NEMA Cardiology Phantom




The NEMA Cardiology Phantom was designed by collaboration with SCA&I to provide a cardiovascular fluoroscopy benchmark phantom. It is used to test systems under conditions simulating normal clinical use for fluoroscopically guided invasive and interventional procedures.

The phantom test ensemble includes tests for imaging-field geometry, spatial resolution, and low-contrast iodine detectability, working thickness range, motion unsharpness and phantom entrance dose.

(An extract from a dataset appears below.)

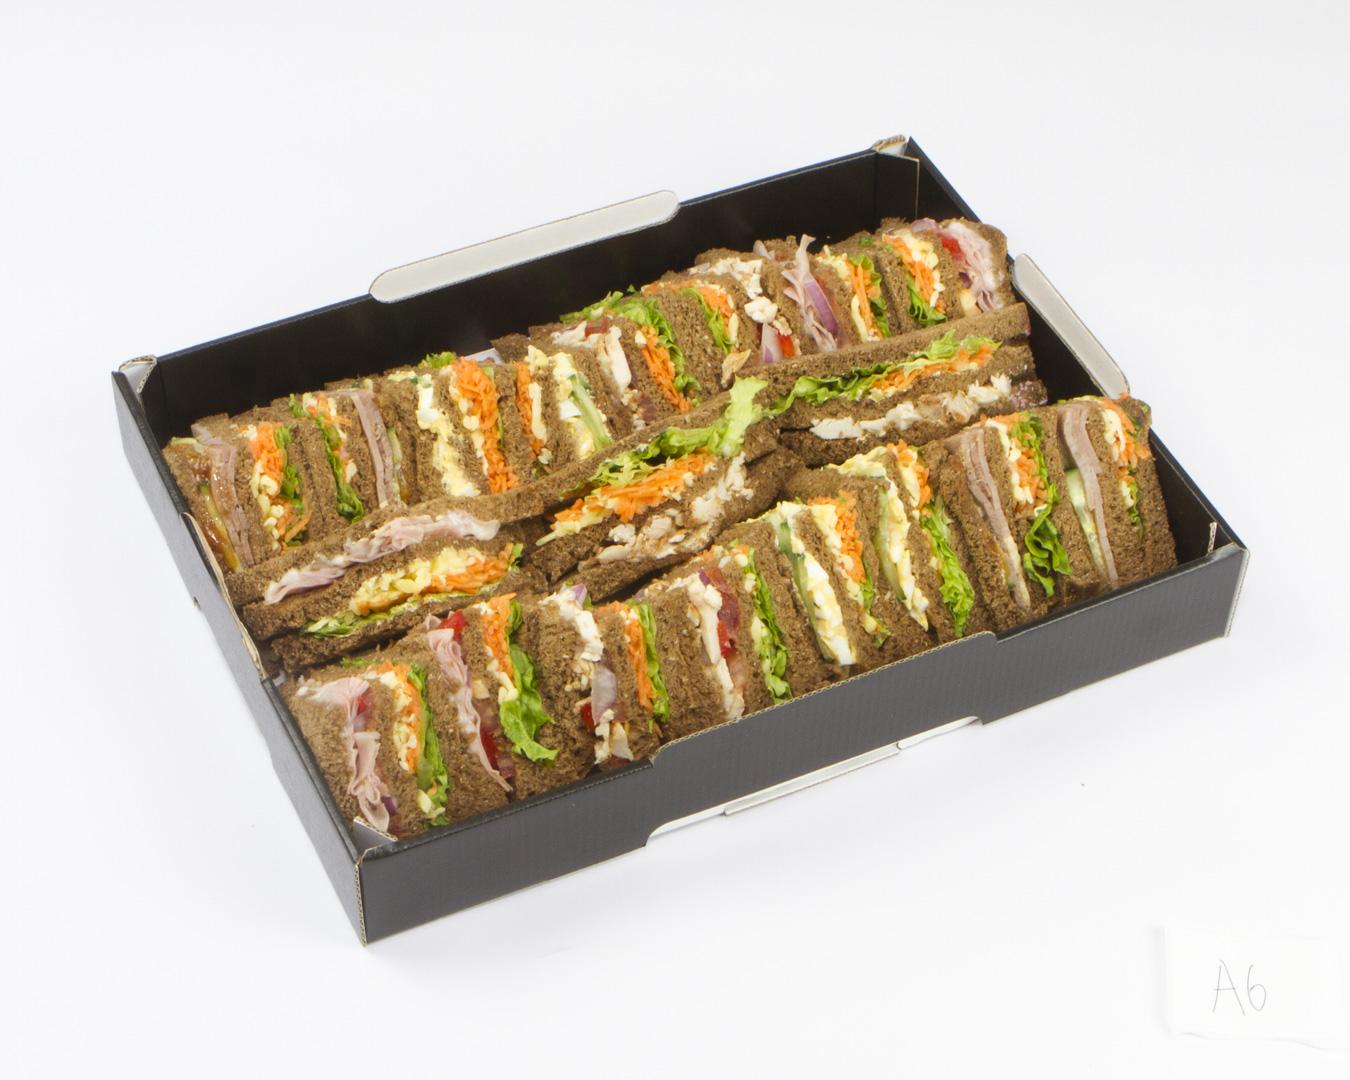 Healthy Choice Sandwiches

  • Phantom and test procedures simulate a range of fluoroscopically guided invasive and interventional procedures
  • Provides simultaneous objective measurements of image quality and phantom entrance dose
  • Test results characterize the performance of the complete system under simulated clinical conditions
  • All tests are performed using the imaging system configured for normal clinical use

Applications
Test objects are positioned at the center of the NEMA Cardiology Phantom. This simulates the location of clinically important organs. The NEMA Cardiology Phantom, positioned with its center at the x-ray system’s isocenter, simulates clinical imaging geometry. Therefore, the geometric magnification of the test objects is similar to that of the clinical target. The receptor blur, focal spot penumbra blur and x-ray scatter are also similar in test and clinical conditions. The entrance surface of a thick phantom is closer to the x-ray tube than the entrance surface of a thin phantom. This is an additional reason why patient (phantom) dose increases with phantom thickness.

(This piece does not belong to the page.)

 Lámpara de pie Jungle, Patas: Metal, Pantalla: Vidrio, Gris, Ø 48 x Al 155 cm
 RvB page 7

  • Visualized field: size A plate is placed on the entrance surface of the image receptor. The plate is fluorographed to determine the actual field of view (FOV).
  • Congruence of irradiated and visualized fields: This test is not needed if the shutters are fully seen in the FOV under test. (CAUTION: digitally synthesized shutters may simulate this effect without actual beam collimation.)
  • Spatial resolution: A standard bar pattern insert is included in the central test plate. The test plate is placed with the bars at 45° to the video lines or digital image matrix. This produces the smallest change in the moiré pattern, resulting from a small change in angle.
  • Low contrast delectability: Four sets of holes with diameters of 4, 3, 2, and 1 mm are filled with elemental iodine dispersed in epoxy. The relative areal concentration of iodine in the four patterns is 20, 10, 5, 2.5 mg/cm2. The test operator is required to identify the smallest visible pair of targets in each pattern.

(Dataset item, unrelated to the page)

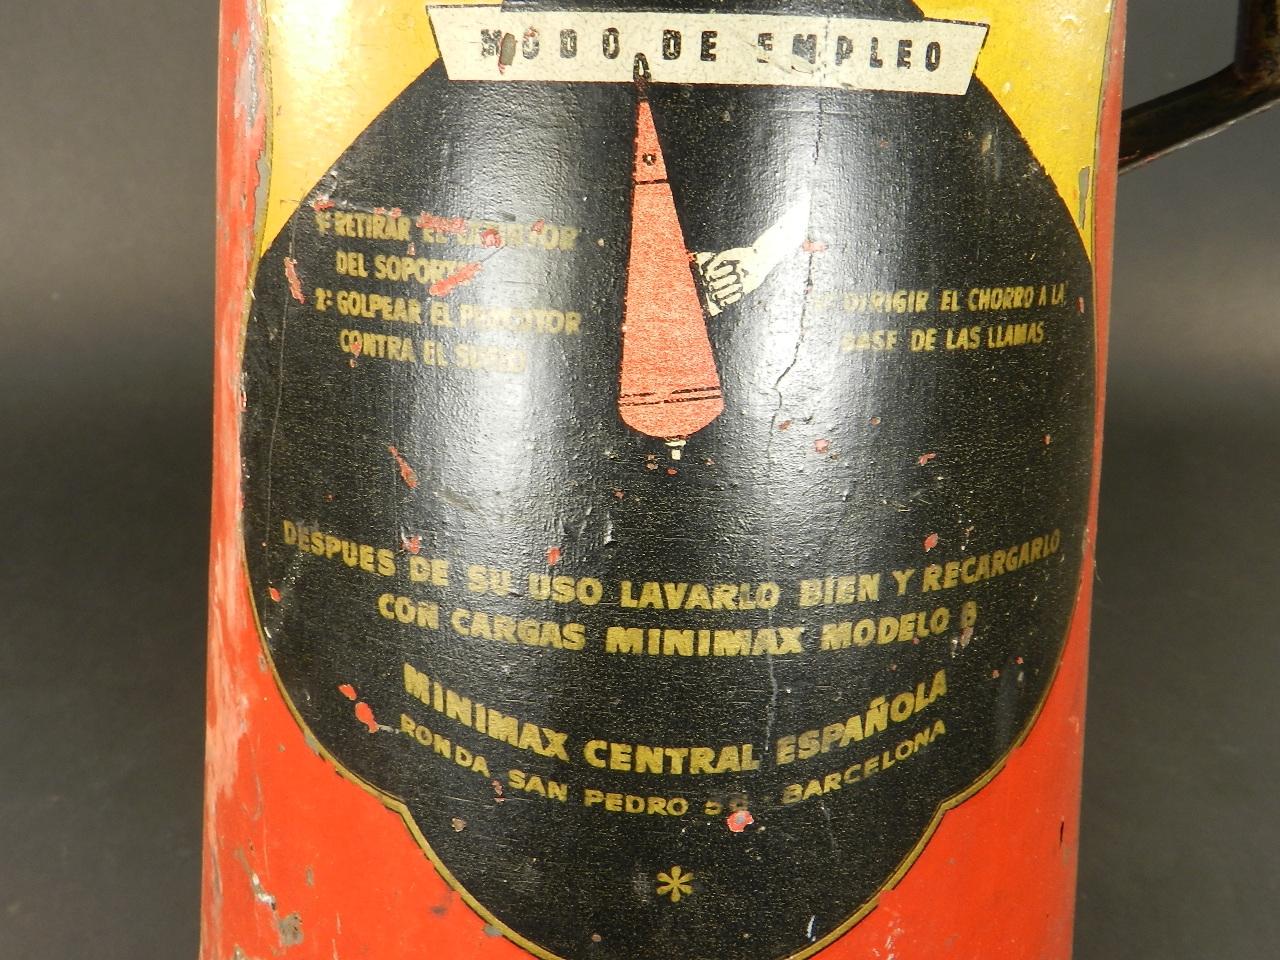 Imagen EXTINTOR CONTRA INCENDIOS MINIMAX 26947

Working Thickness Range: Three examples of white clipping and two examples of black clipping

  • Visibility of moving structures: A rotating spoke target allows visual evaluation of motion unsharpness and the effects of temporal averaging. The device contains five steel wires of different diameters (0.022, 0.016, 0.012, 0.009 and 0.005 inches or 0.56, 0.41, 0.30, 0.23, 0.13 mm). Two lead dots are used to evaluate lag and recursive filtering. Rotation speed is 30 revolutions/min. The linear velocity of the outer lead dot is 200 mm/sec. The rotating disk replaces the central test plate at the isocenter.


  • Motion Target

  • Working thickness range: The ability to image structures overlaid by bone or air. Systems with inadequate single-image latitude are unable to do this in bright (air) or dark (bone) portions of the image. The NEMA Cardiology Phantom contains eight cylinders composed of different heights of air, aluminum and plastic. These cylinders are calibrated for a total 20 cm phantom thickness. A 50 mm deep air challenge target overlaps the four air cylinders. The bright side dynamic range is determined by how many of these targets are seen. A 5 mm lead challenge target overlaps the four aluminum cylinders. The dark side dynamic range is determined by counting these targets.